Но этого мало. Право, стремящееся обнять самые разнообразные стороны общественной жизни, определить своими нормами каждое вновь нарождающееся в ней явление – в этой, так сказать, погоне за жизнью, постоянно доставляющей новые и новые комбинации, – новые и новые отношения – необходимо вызывает и в законодательстве – внешней форме его выражения, новые и новые перемены, необходимо делает последнее столько же изменяющимся, как полна изменений в своих формах и самая жизнь. Но это изменение в праве совершается по частям и между тем как отдельные его части под влиянием требований жизни идут последовательно от перемены к перемене, другие остаются в покое, в той первоначальной неподвижности, на какой остановились, так сказать, в давно уже прошедший момент. Понятно отсюда, как мало понятен будет старый закон, если в силу каких-либо обстоятельств он снова приходит в соприкосновение с новым законодательством, создавшимся под действием новых отношений жизни. Отсюда – очень значительная часть правовых положений для своего понимания требует исторического освещения, воспроизведения тех юридических отношений, при существовании которых он создался и при которых был совершенно естествен и понятен.

Так становится ясным, что и при существовании удовлетворительной кодификации права многие из отдельных статей его требуют толкований, или интерпретации – буквальной, логической, догматической и исторической. Это комментирование законов, или кодексов права и есть первая, хотя и низшая ступень научного воспроизведения или научного представления данного в известный момент положительного права. И действительно, долгое время юриспруденция и направляла свои усилия на такое всестороннее комментирование кодексов права. Как римское – юстинианово право, так и каноническое, до нас дошло с разнообразными и обширными комментариями.
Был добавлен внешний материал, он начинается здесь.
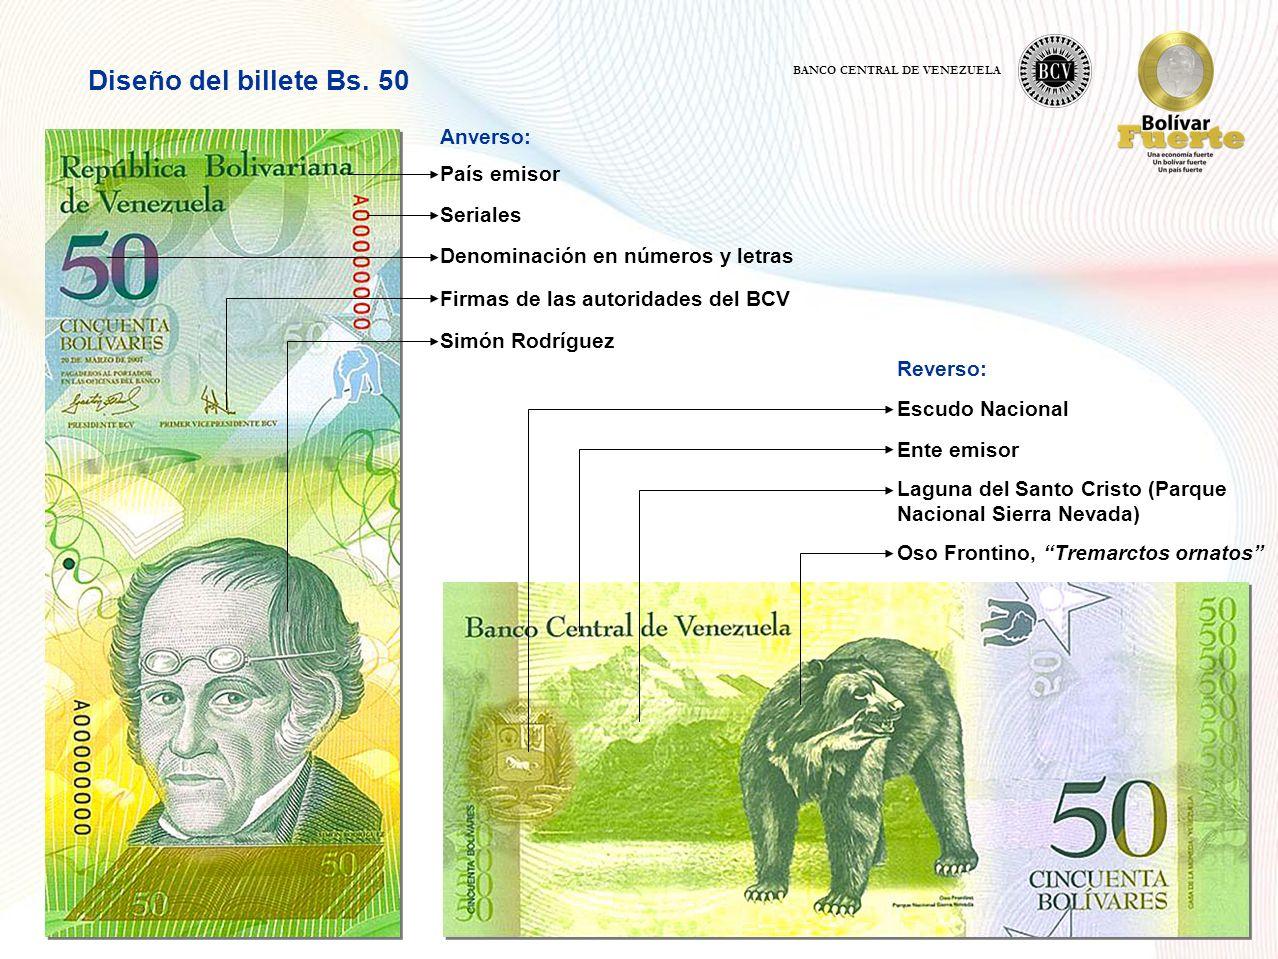 Diseño del billete Bs. 50 Anverso: País emisor Seriales
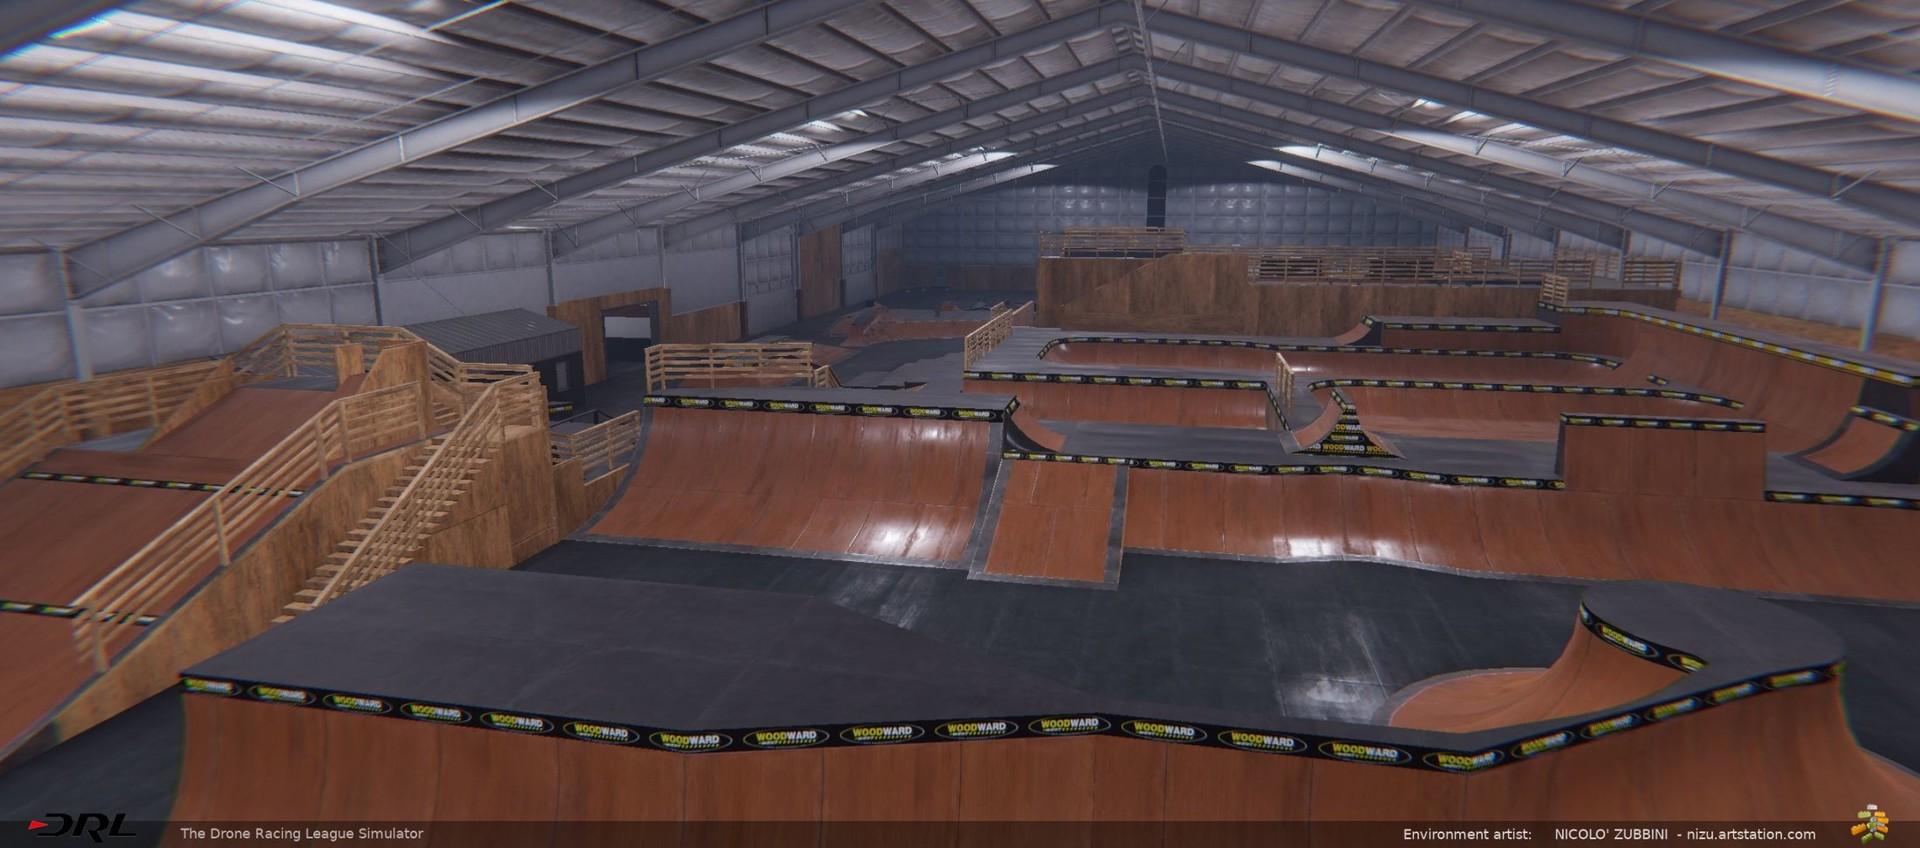 Nicolo zubbini drl skatepark 3

Отдавая дань уважения колоссальности трудов этого рода, нельзя однако же сказать, чтобы результаты их относительно познания права соответствовали по своей широте и глубине тем изумительным усилиям, которые положены для приобретения их. Главный недостаток их – в отсутствии самостоятельной системы: глоссаторы следовали в толковании законов тому расположению их, какое дано в кодексе, т. е. хронологическому или предметному, или же располагали материал свой и комментарии к нему по чрезвычайно искусственной системе, введенной еще римскими юристами, по которой всякий юридический материал располагался по трем категориями personae, res, actiones – лиц, вещей и действий. В том и другом случае не получалось в результате ни дельного представления всего организма права, ни дельного представления отдельных его институтов.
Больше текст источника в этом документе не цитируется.